Our experience has shown that it is the inability of the sailor to read,
understand and follow the instructions on the use and care of the entire
system that is major cause of any problems encountered.

 #1 Keeping the system clean: When you wash down the boat, wash the blocks,
control lines, boom, track and hose out the car in top of the boom while
rolling it back and forth. Wash the furlers, all three of them. Make sure
the drain at the aft-bottom of the mast at the deck is working. Salt
crystals are like little knives in the lines and blocks. Keeping them clean
of salt and dirt will lengthen their life and ease the lines movement
through the blocks and over the track stop at the outer end of the boom.

 #2 Every quality double braid rope manufacturer states that: “Double Braid
rope should always be coiled in a figure eight.” (the natural way it wants
to coil when relatively new) Yet many refuse to do it, or make sure their
crew does it. The end result of coiling it in a circle is a line with
permanent twists of the inner core against the outer cover, which creates
friction every time the twisted line goes through a block creating wear in
both. Add to that the normal degradation of the sun, salt and dirt, and
soon the lines outer cover begins to fray and bind as it makes its way
through the blocks and over the boom track stop block at the outer end of
the boom.

 #3 Boom height: Over time and sailing on the wind with a tight topping
lift stretches it. Eventually the sailor notices it and over tightens it to
the point where the angle of the outhaul to the clew in not ideal, and that
increases the stresses on the furling tackle with the extra effort needed
to use it, shortening its life.

 #4 Halyard tension;   The furling mainsails luff sets in an extrusion very
similar to the headsails. The difference is that the mainsails extrusion is
round (not foil shaped), has no stay inside and is attached only at the top
of the furler. The halyard is attached to the upper  swivel and the sails
luff tape is slid into a slot just like the headsails. When attaching the
sail and when the sail is deployed the attaching points are about 1” aft of
the extrusion. Over tensioning of the halyard will bow the extrusion in the
middle and as the sail begins to fill the mast cavity it can create a
difficulty in fully furling the sail. And, forcing it can make unfurling
very difficult. Ideally, furled or deployed with no wind in the sail one
should be able to move the tack strap with ones fingers a little with out a
lot of effort.

 #5 Furling Properly: As one prepares to furl the mainsail, head the boat
up leaving the wind slightly on the starboard side of the boat. Furling
line on the winch, outhaul ready to ease out, and as one winches the sail
into the mast hold some tension on the outhaul to get a smooth furling of
the sail around the extrusion and into the mast.

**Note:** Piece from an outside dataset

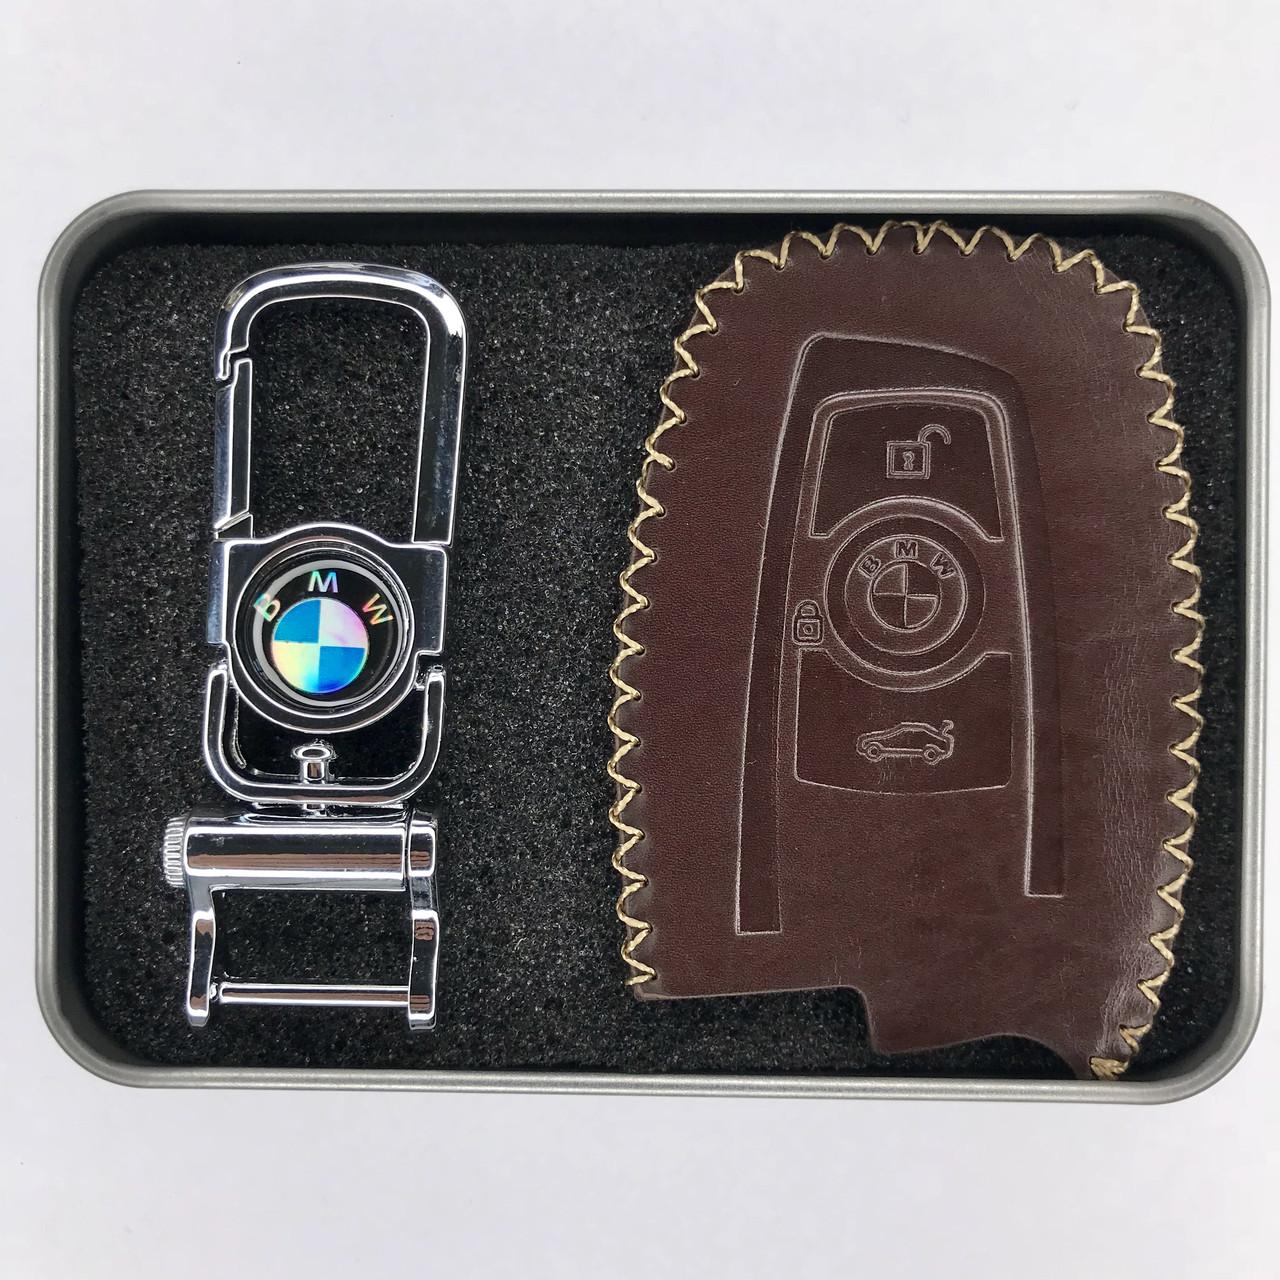 Кожаный чехол для ключа BMW 1,2,3,4,5,6,7,8,I3,I8,m1,m2,m3,m4,m5, m6,x1,x2,x3,x4,x5,x6,Z4,F10,15,20,30,48

 I can see any or all of the above way too often when I step on your boat !
And you can too !

 Standing in the cockpit and sighting forward along the furler and outhaul
control lines. I see the fleck of color or the pattern of the braid spirals
between the stopper and the first block. Running my hands along the lines I
feel that they are no longer smooth but rough and frayed.

 I release the outhaul and go up on deck to the coach roof, I pull out some
slack and grab the outhaul at the clew block and at the exit under the
forward end of the boom and try to pull them back and forth. It takes very
little tension to make it very hard to move in either direction as the
twisted, fraying of the lines cover resists making the 180-degree turn over
the end of the boom. And you blamed the furler ???? (I did too, initially) J

 Replace those lines and start treating them with the respect they deserve
and enjoy the furling main again.



 Sail bunching or overlapping ?

1: Failure to maintain resistance on outhaul while furling.

2: Halyard too tight or too loose. Make adjustments small.

3: Sail “Baggy”, stretched out in the middle. Replace the sail.